Shakespeare Electronic Conference, Vol. 6, No. 0747.  Monday, 2 October 1995.
From:           John McClain <This email address is being protected from spambots. You need JavaScript enabled to view it.>
Date:           Sunday, 1 Oct 1995 23:35:48 +0900
Subject:        Self-conscious Irony
Dear Fellow SHAKESPEReans,
I've been a lurker here for a couple of months. I've enjoyed it immensely. But
one message has piqued my interest and brought me to make a request.
In The Compass of Irony D.C. Muecke discusses a form of self-reflexive (or
self-conscious) irony that he characterizes (borrowing from the Schlegel bros.)

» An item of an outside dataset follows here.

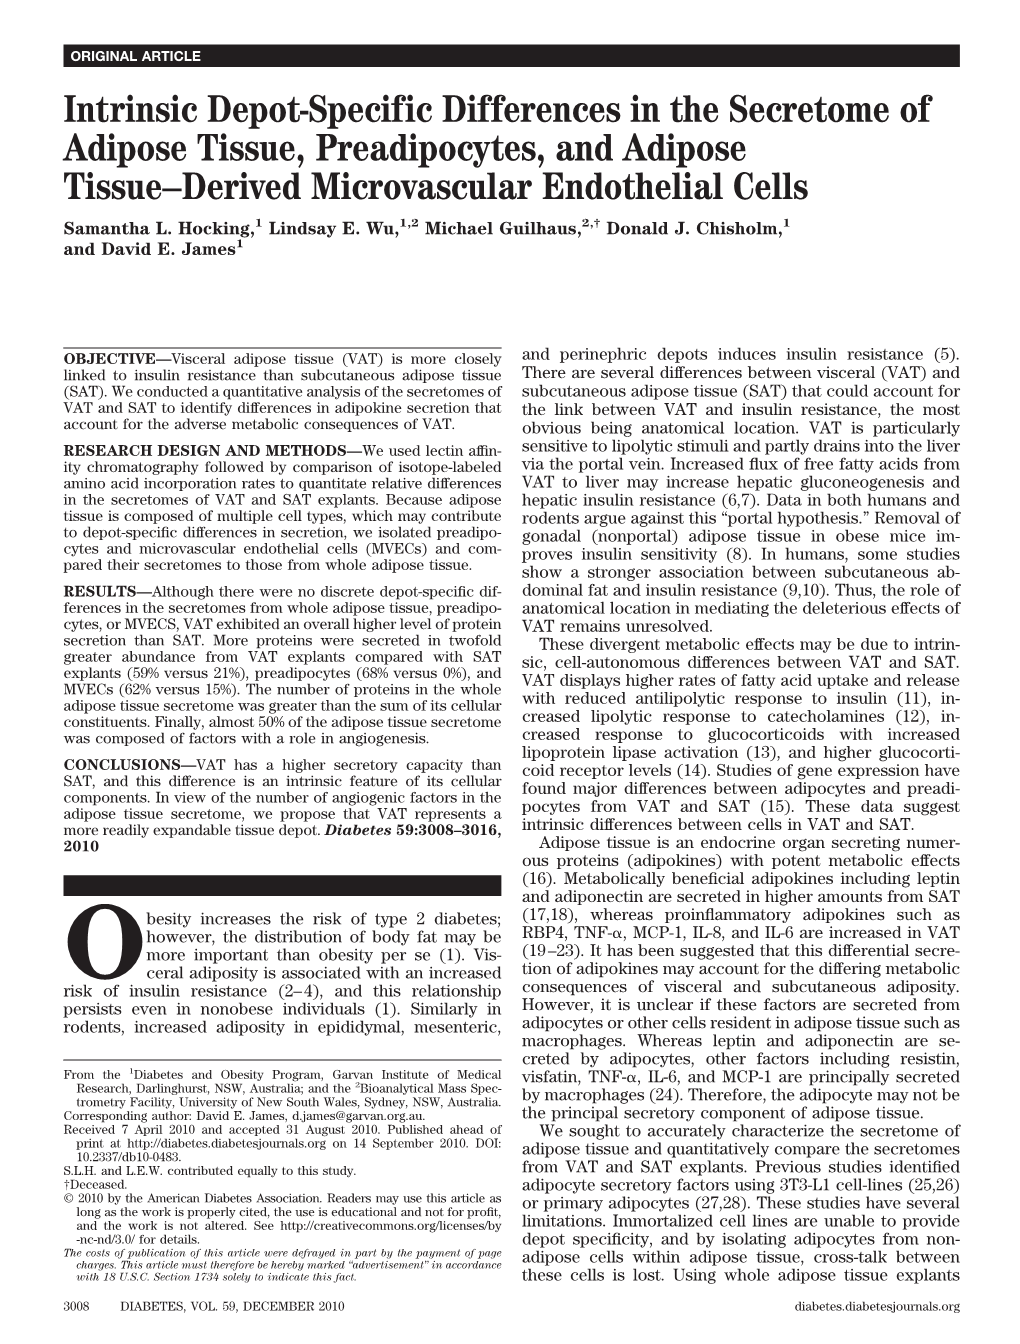 Intrinsic Depot-Specific Differences in the Secretome of Adipose Tissue, Preadipocytes, and Adipose Tissue–Derived Microvascular Endothelial Cells Samantha L

as a paradoxical, "dis-illusioning" reference by a character IN a play to the
fact of they're actually being a character in a play (ala Beckett or
Pirandello). Examples such as Jacques' "All the world's a stage...," or
Macbeth's "Life's but a walking shadow..."  being the most obvious examples
(and isn't Hamlet in its entirety--from the "existential" uncertainty of "Who's
there?" to Fortinbras's final command a full-fledged treatment of this theme?).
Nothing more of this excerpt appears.